*Action item*: What you need to produce from the material below is an exact transcription of the lines from the one with "info＠skweb.jpまたは027-254-6823までお問い合わせ下さい" through the one with "Mychonastes Afer HSO-3-1", both included, and no other line.

*The data*:
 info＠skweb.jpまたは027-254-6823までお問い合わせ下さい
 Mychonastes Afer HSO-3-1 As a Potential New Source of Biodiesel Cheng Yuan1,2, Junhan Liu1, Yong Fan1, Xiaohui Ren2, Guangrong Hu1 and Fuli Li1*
---
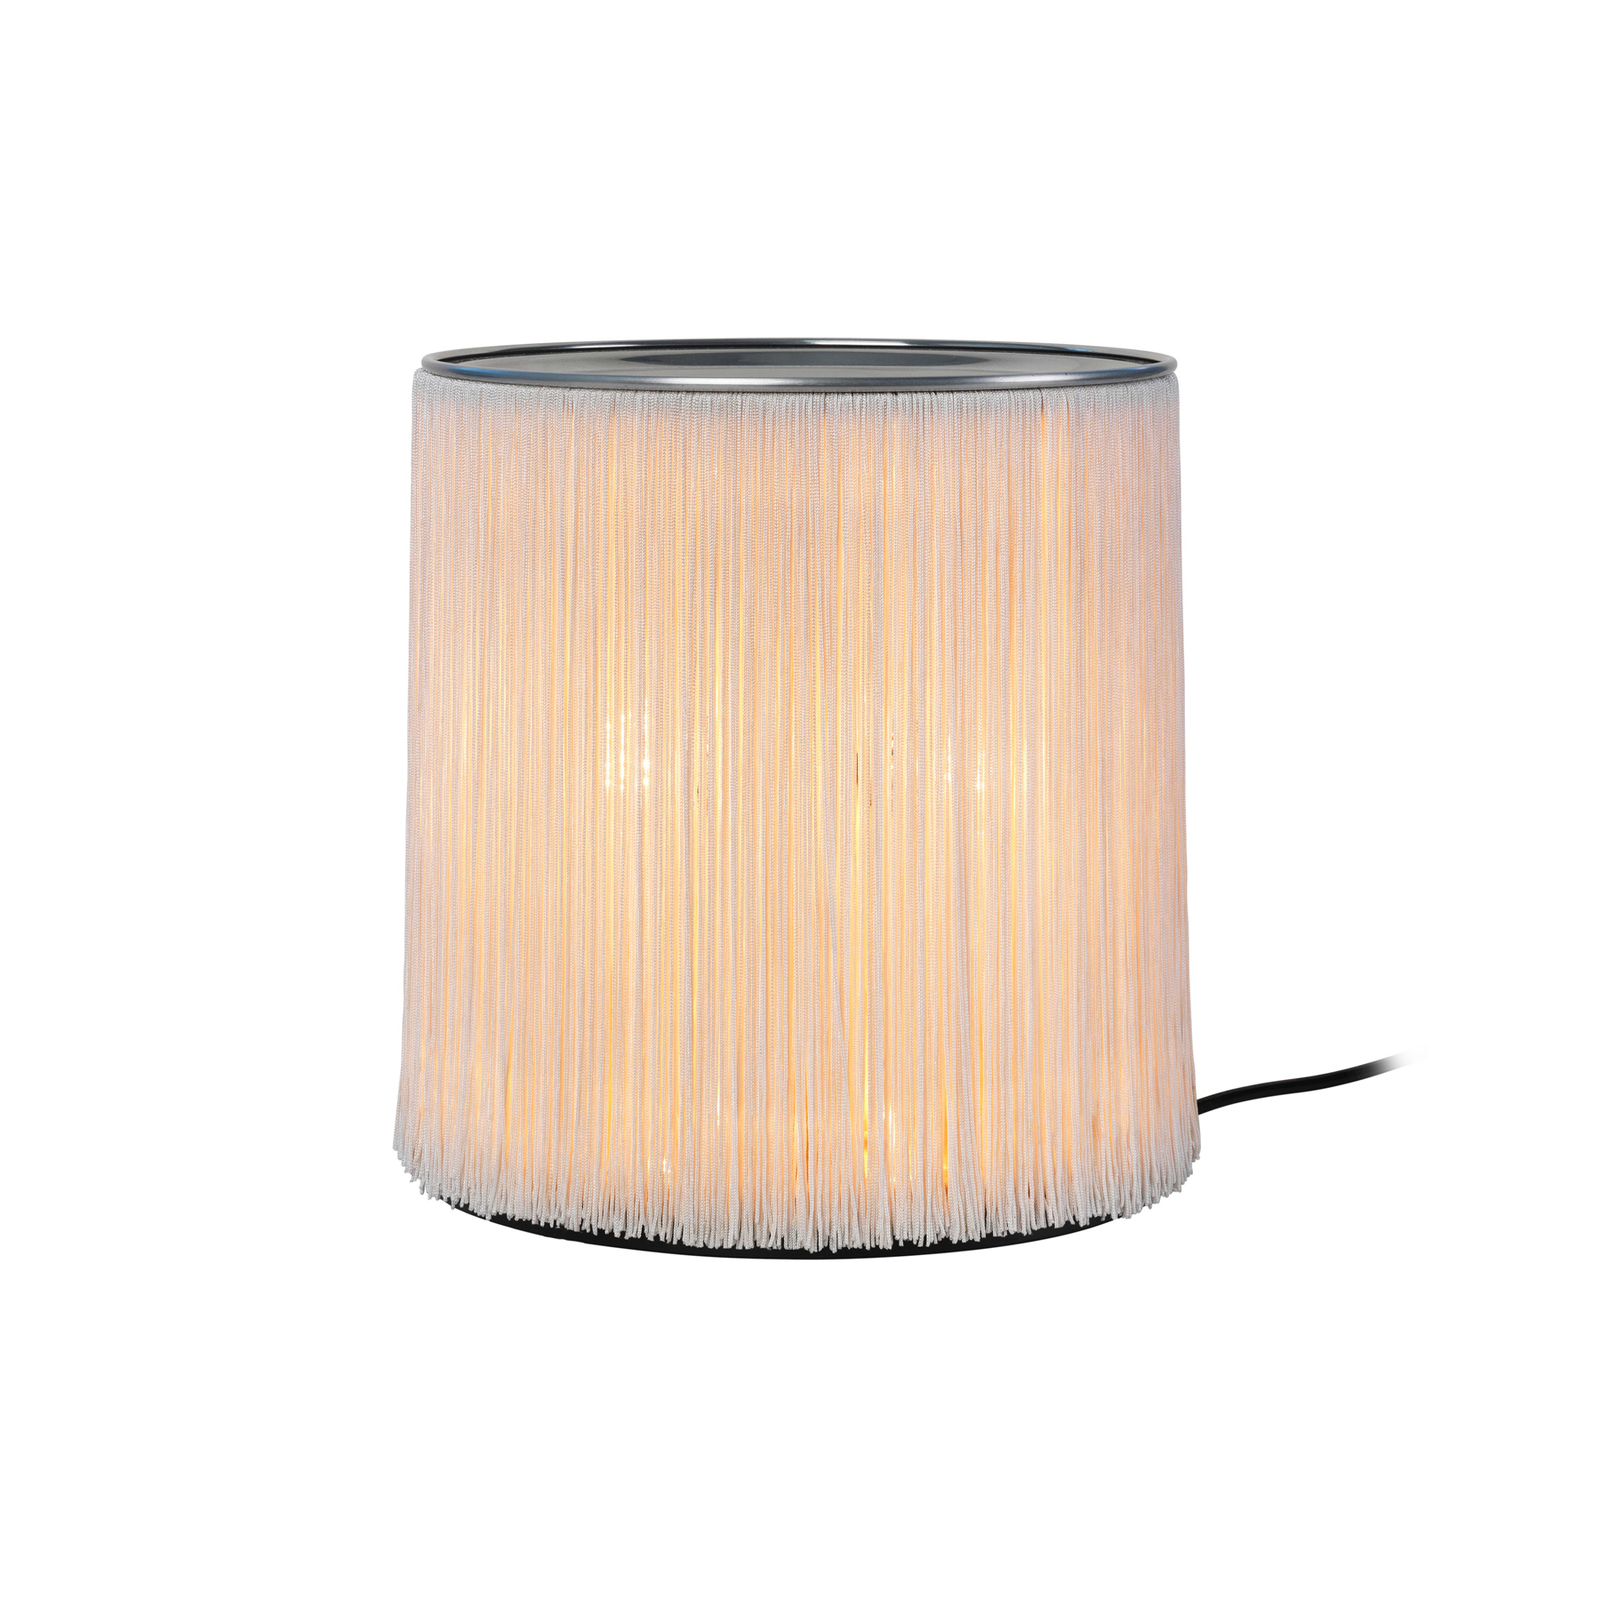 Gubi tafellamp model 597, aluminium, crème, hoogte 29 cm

*Expected answer*:
 info＠skweb.jpまたは027-254-6823までお問い合わせ下さい
 Mychonastes Afer HSO-3-1 As a Potential New Source of Biodiesel Cheng Yuan1,2, Junhan Liu1, Yong Fan1, Xiaohui Ren2, Guangrong Hu1 and Fuli Li1*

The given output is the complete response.